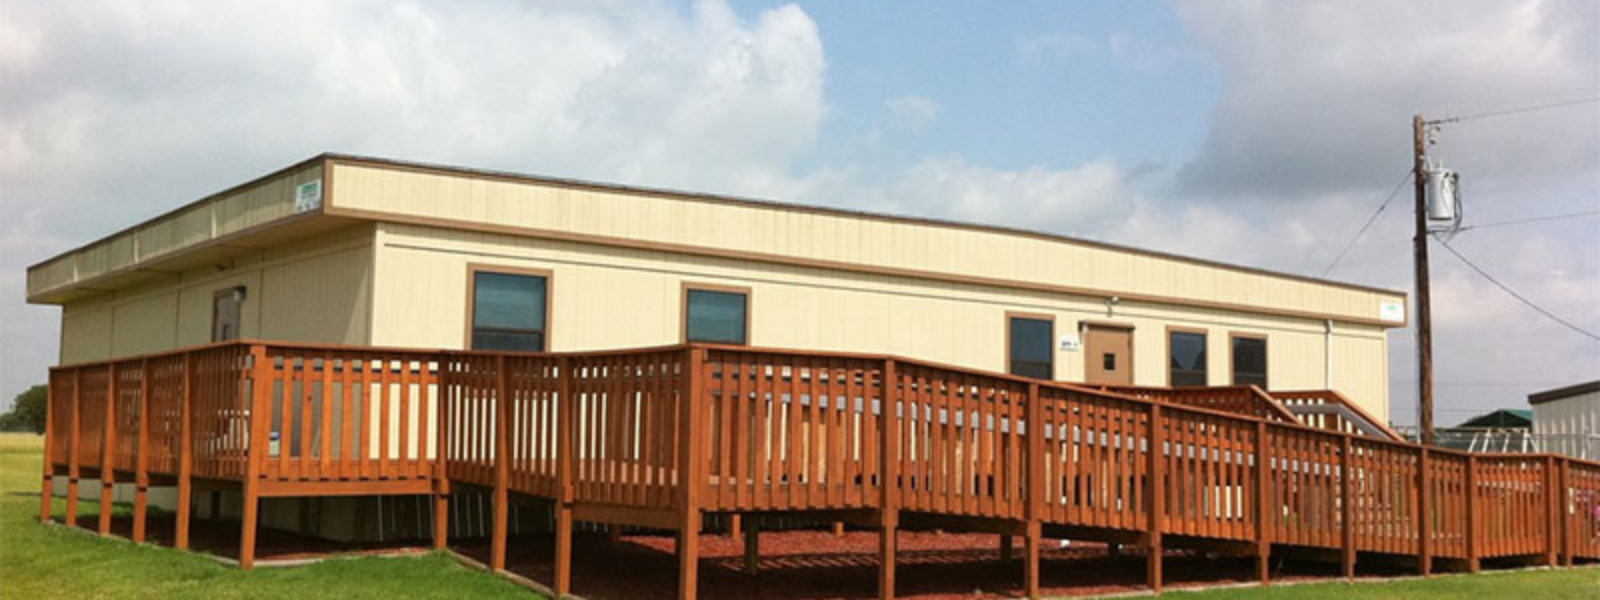 Buying a used modular building makes sense for many reasons
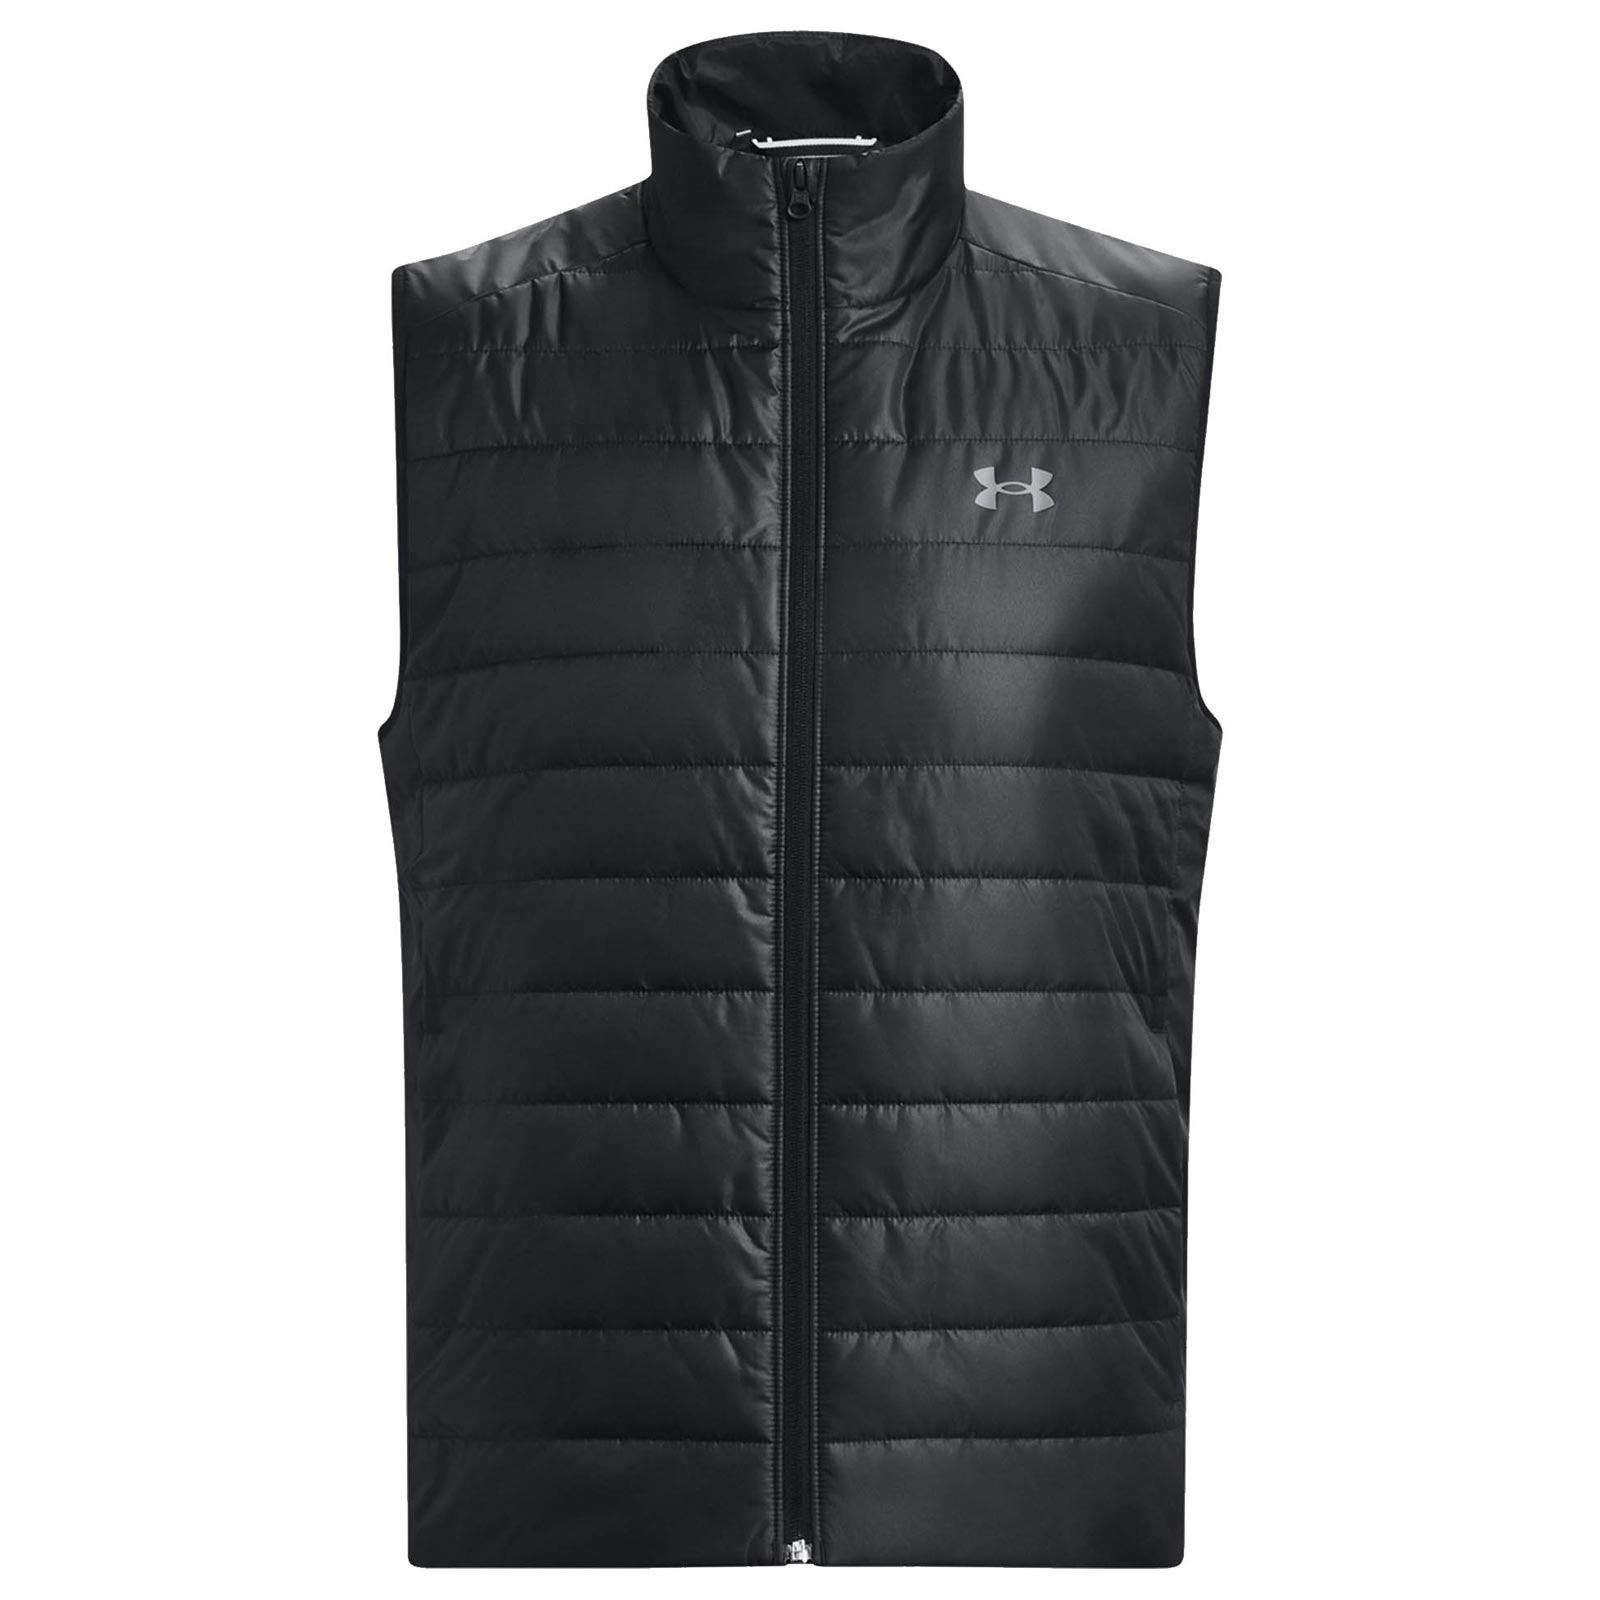 UNDER ARMOUR STORM MENS INSULATED VEST
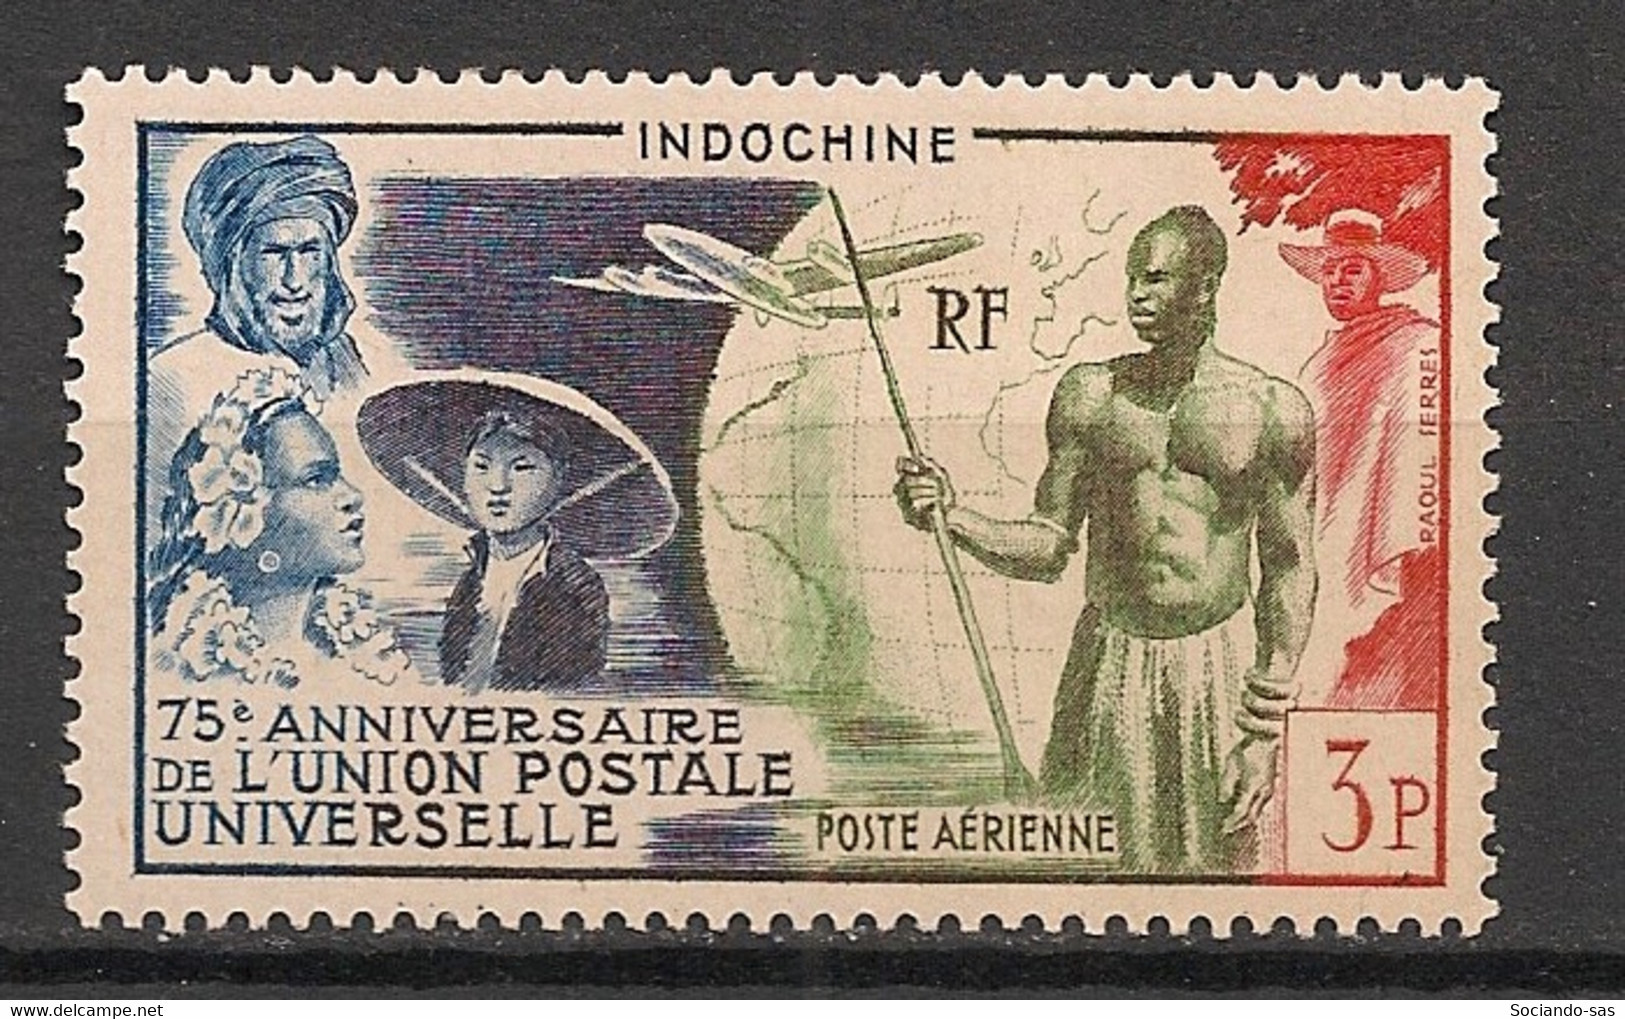 INDOCHINE - 1949 - Poste Aérienne PA N°YT. 48 - UPU / Union Postale Universelle - Neuf * / MH VF - Airmail
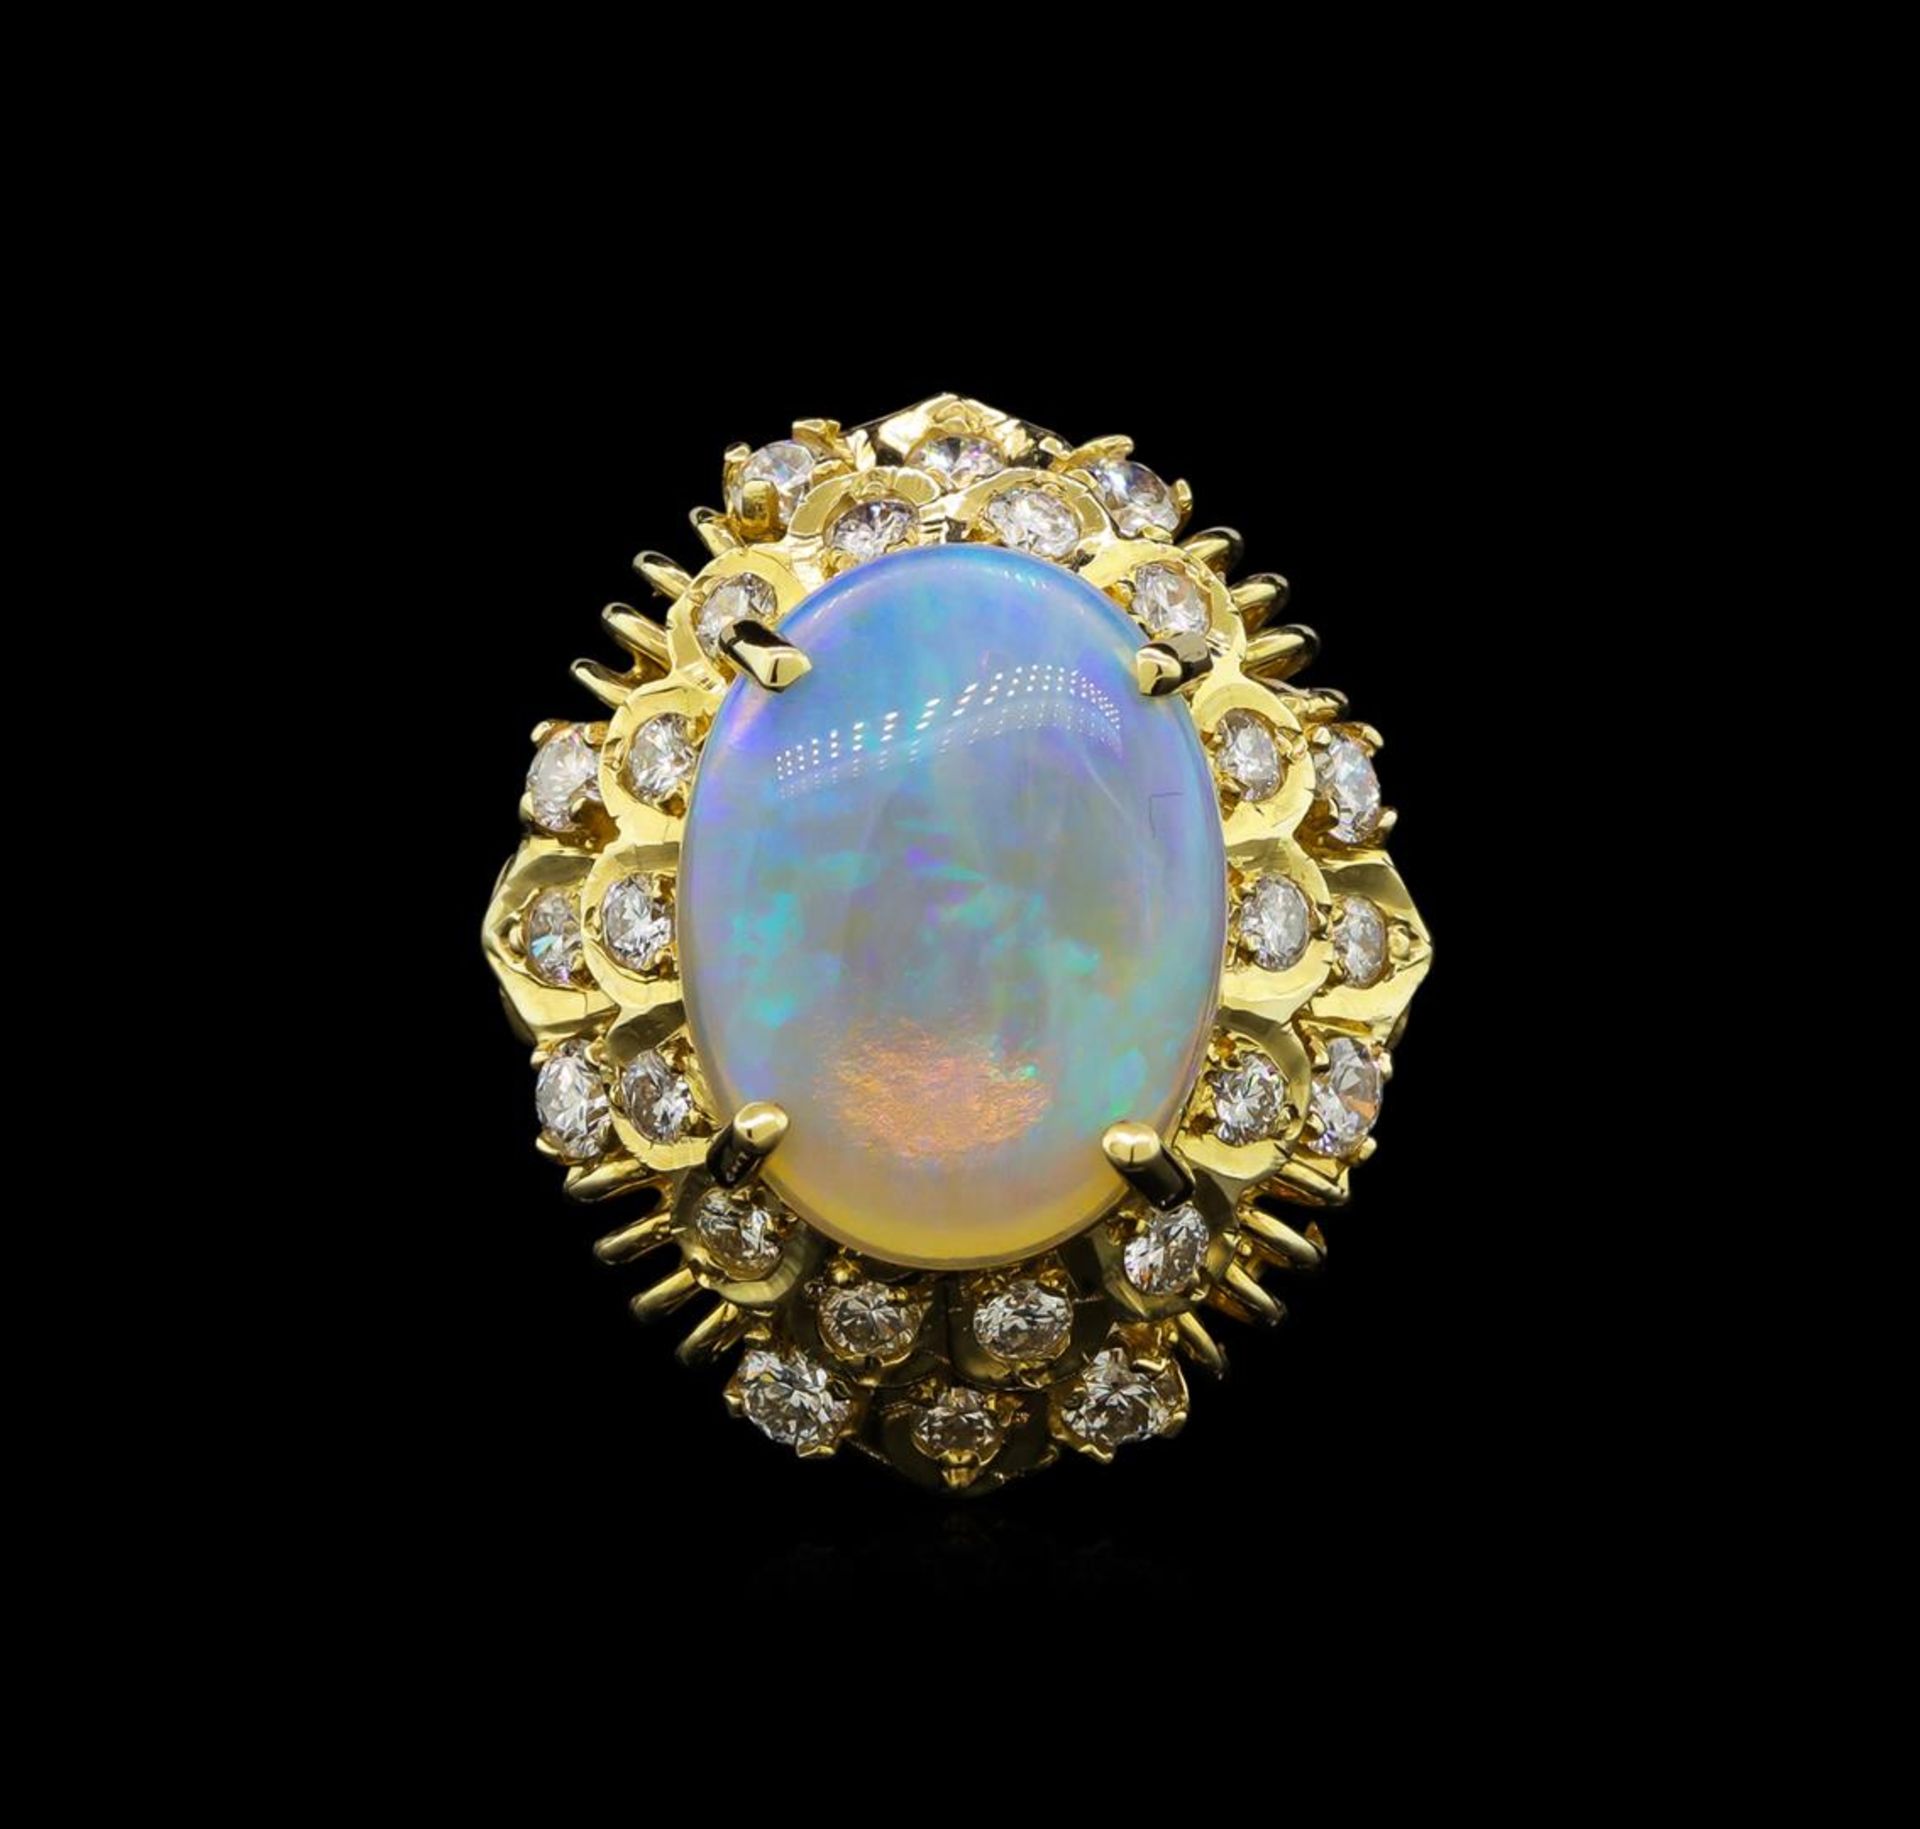 14KT Yellow Gold 3.68 ctw Opal and Diamond Ring - Image 2 of 5

[Work to complete] Set down the data above word for word, leaving every picture out.

[Answer for this exercise]
 Buying a used modular building makes sense for many reasons
 UNDER ARMOUR STORM MENS INSULATED VEST
 INDOCHINE - 1949 - Poste Aérienne PA N°YT. 48 - UPU / Union Postale Universelle - Neuf * / MH VF - Airmail
 14KT Yellow Gold 3.68 ctw Opal and Diamond Ring - Image 2 of 5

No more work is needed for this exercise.